Square roots and logarithms without a calculator (Part 12)

I recently came across the following computational trick: to estimate \sqrt{b}, use

\sqrt{b} \approx \displaystyle \frac{b+a}{2\sqrt{a}},

where a is the closest perfect square to b. For example,

\sqrt{26} \approx \displaystyle \frac{26+25}{2\sqrt{25}} = 5.1.

I had not seen this trick before — at least stated in these terms — and I’m definitely not a fan of computational tricks without an explanation. In this case, the approximation is a straightforward consequence of a technique we teach in calculus. If f(x) = (1+x)^n, then f'(x) = n (1+x)^{n-1}, so that f'(0) = n. Since f(0) = 1, the equation of the tangent line to f(x) at x = 0 is

L(x) = f(0) + f'(0) \cdot (x-0) = 1 + nx.

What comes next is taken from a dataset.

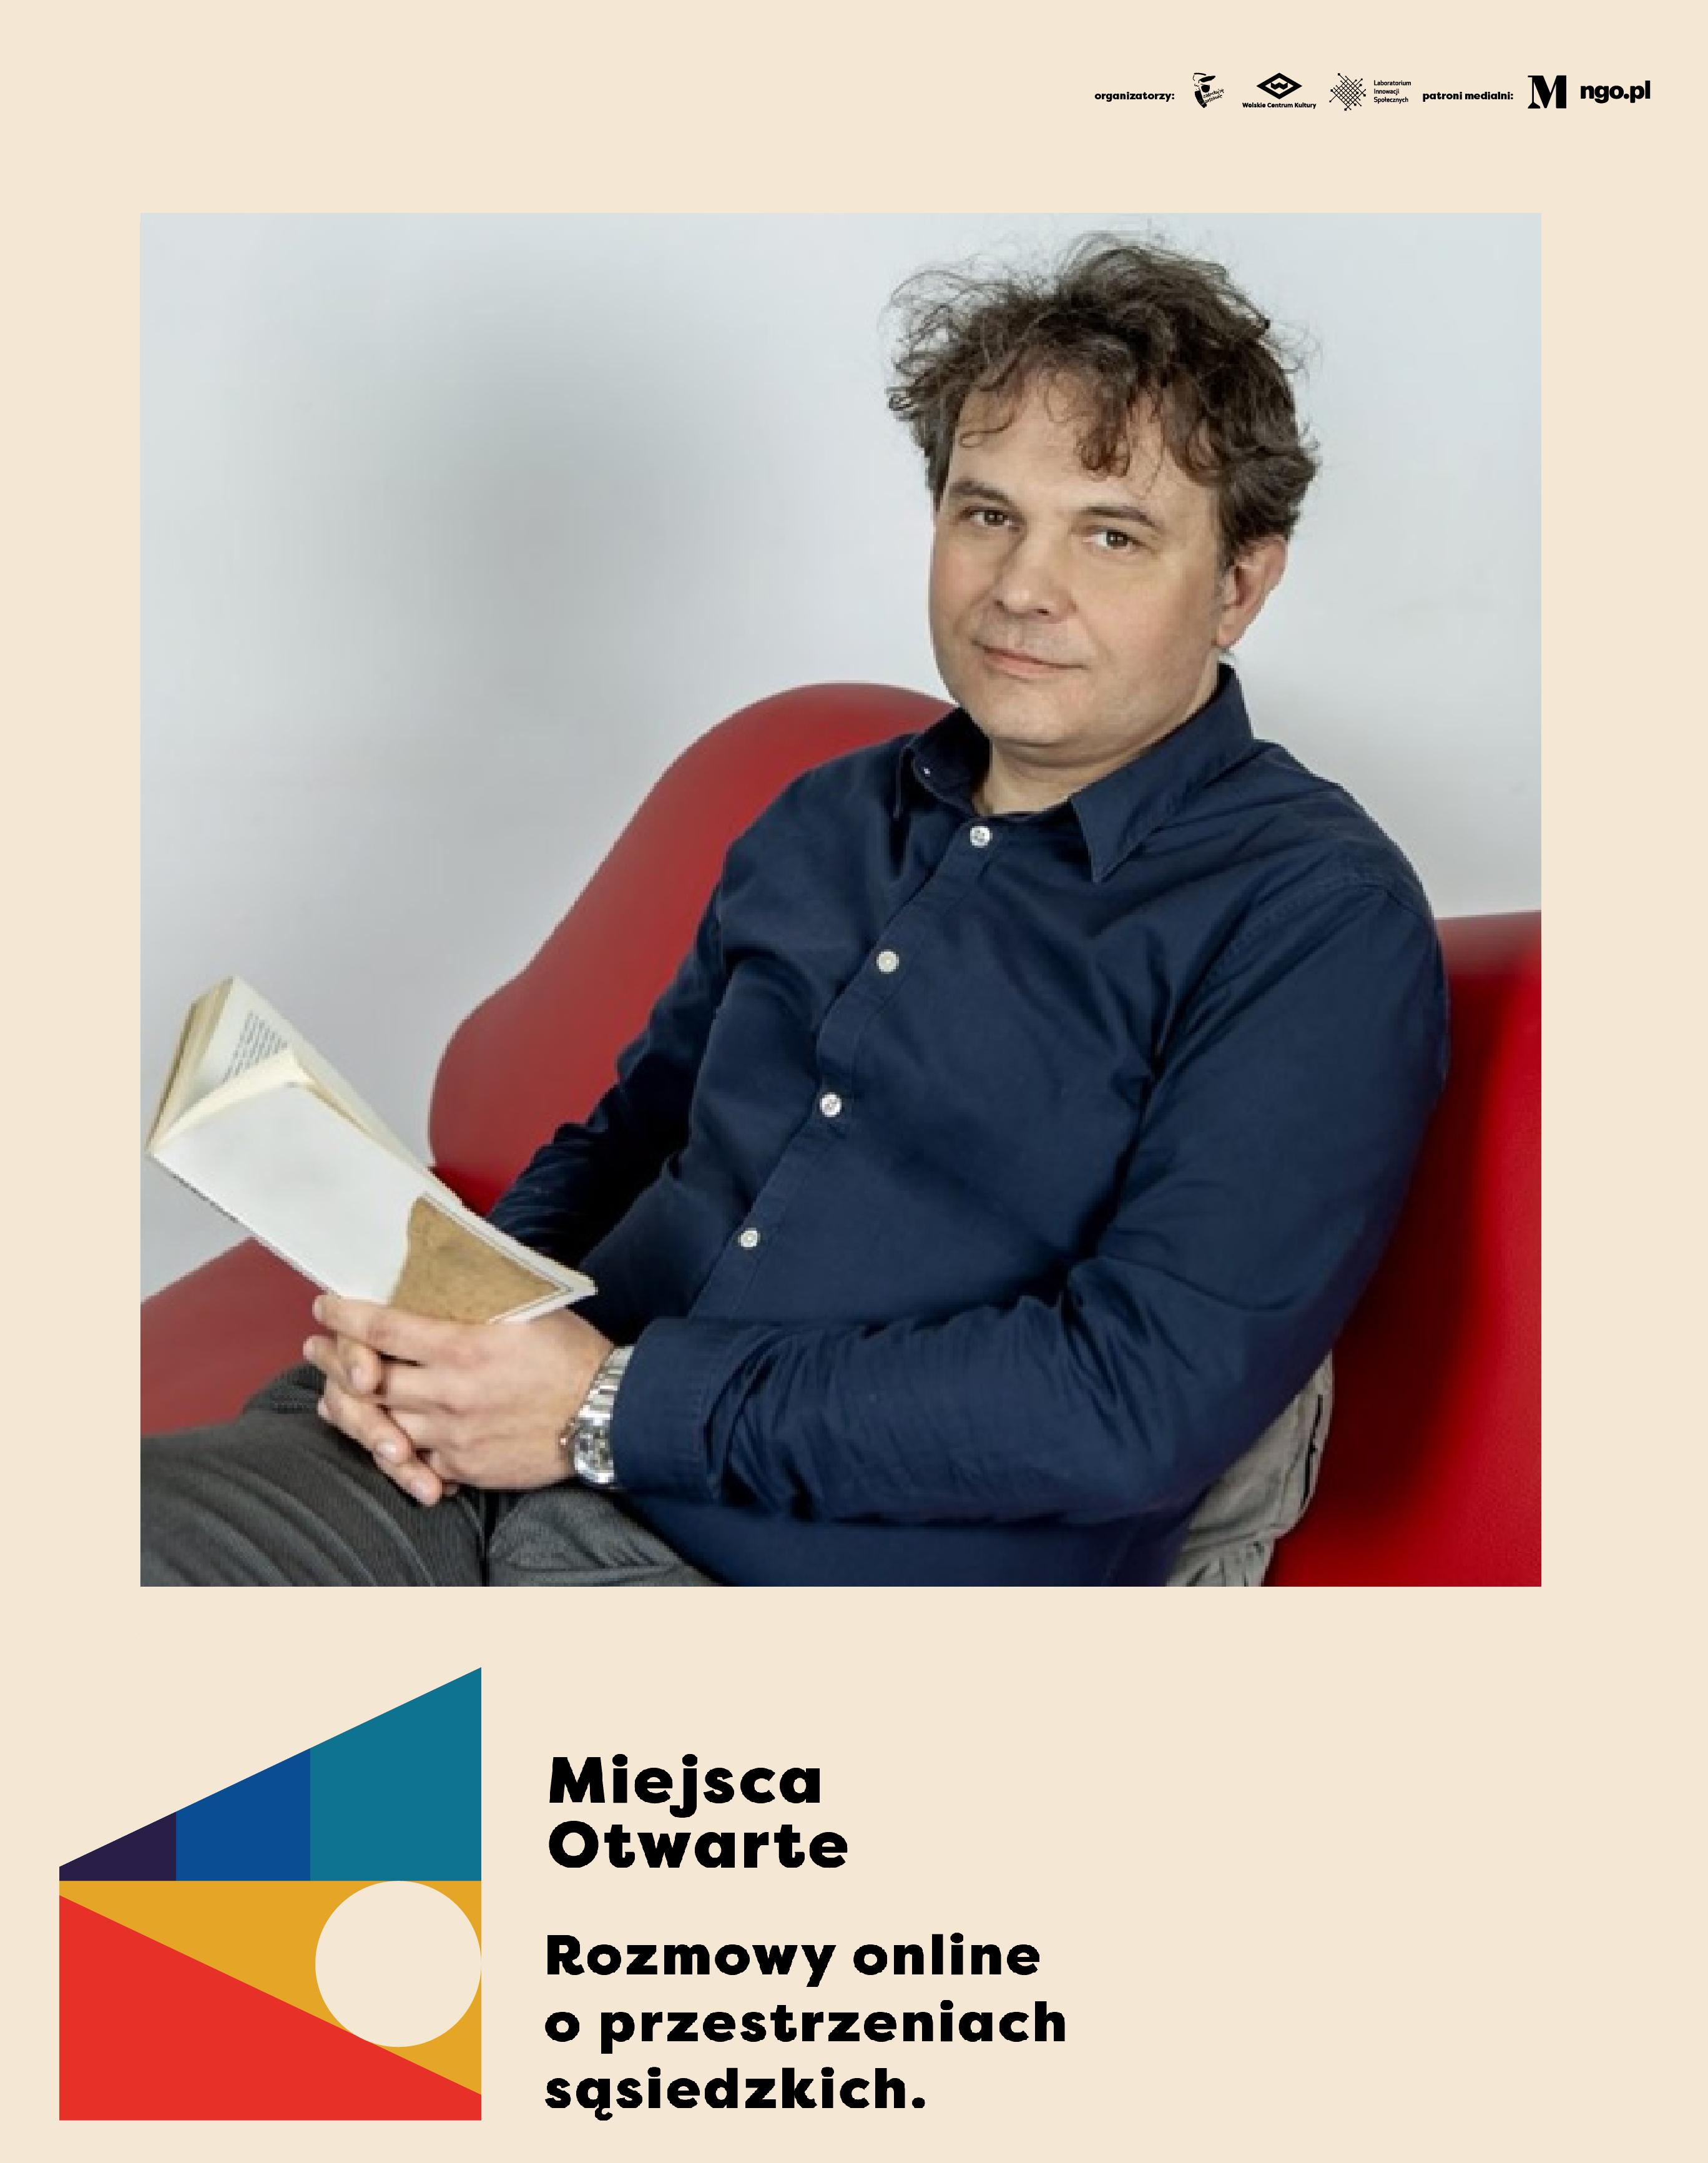 Zdjęcie Krzysztofa Mikołajewskiego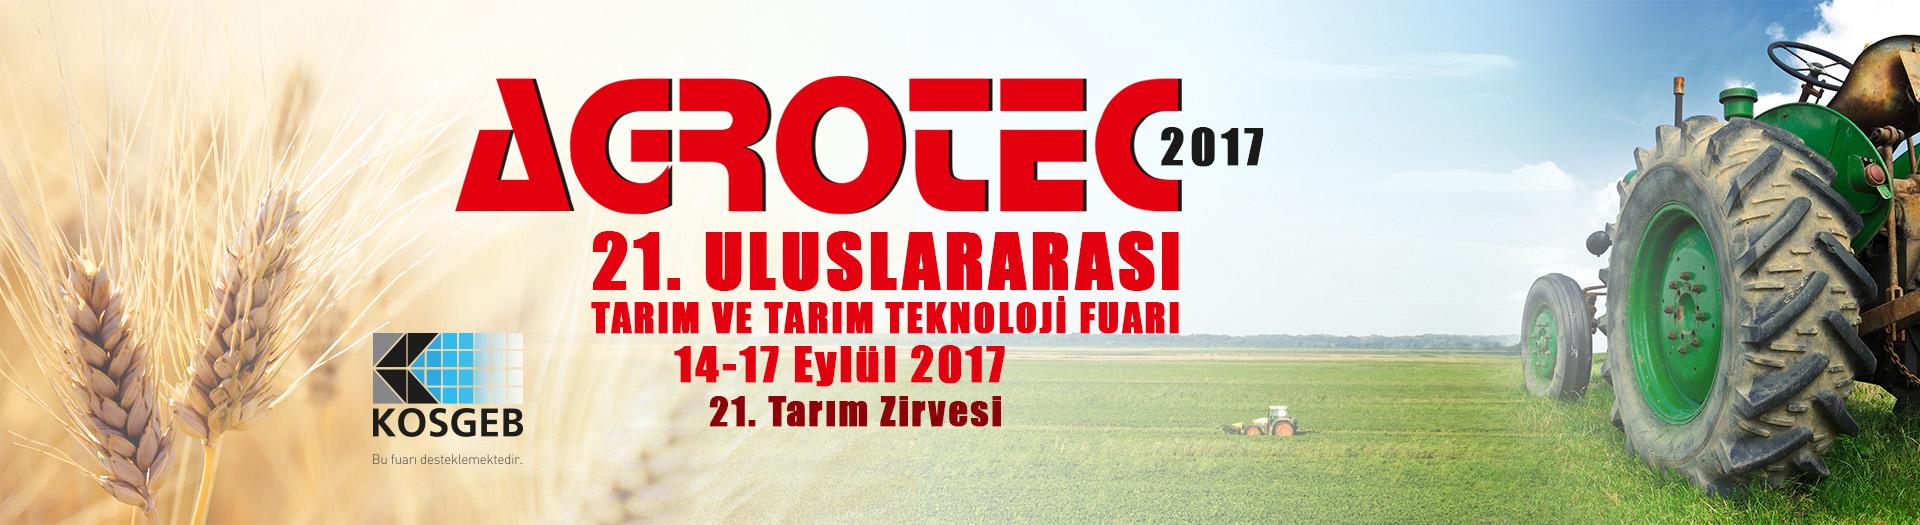 AGROTEC 2017 EYLÜL'DE BAŞLIYOR

The key observation is that, for x \approx 0, the graph of L(x) will be very close indeed to the graph of f(x). In Calculus I, this is sometimes called the linearization of f at x =a. In Calculus II, we observe that these are the first two terms in the Taylor series expansion of f about x = a.

For the problem at hand, if n = 1/2, then

\sqrt{1+x} \approx 1 + \displaystyle \frac{x}{2}

if x is close to zero. Therefore, if a is a perfect square close to b so that the relative difference (b-a)/a is small, then

\sqrt{b} = \sqrt{a + b - a}

= \sqrt{a} \sqrt{1 + \displaystyle \frac{b-a}{a}}

\approx \sqrt{a} \displaystyle \left(1 + \frac{b-a}{2a} \right)

= \sqrt{a} \displaystyle \left( \frac{2a + b-a}{2a} \right)

= \sqrt{a} \displaystyle \left( \frac{b+a}{2a} \right)

= \displaystyle \frac{b+a}{2\sqrt{a}}.

One more thought: All of the above might be a bit much to swallow for a talented but young student who has not yet learned calculus. So here’s another heuristic explanation that does not require calculus: if a \approx b, then the geometric mean \sqrt{ab} will be approximately equal to the arithmetic mean (a+b)/2. That is,

\sqrt{ab} \approx \displaystyle \frac{a+b}{2},

so that

\sqrt{b} \approx \displaystyle \frac{a+b}{2\sqrt{a}}.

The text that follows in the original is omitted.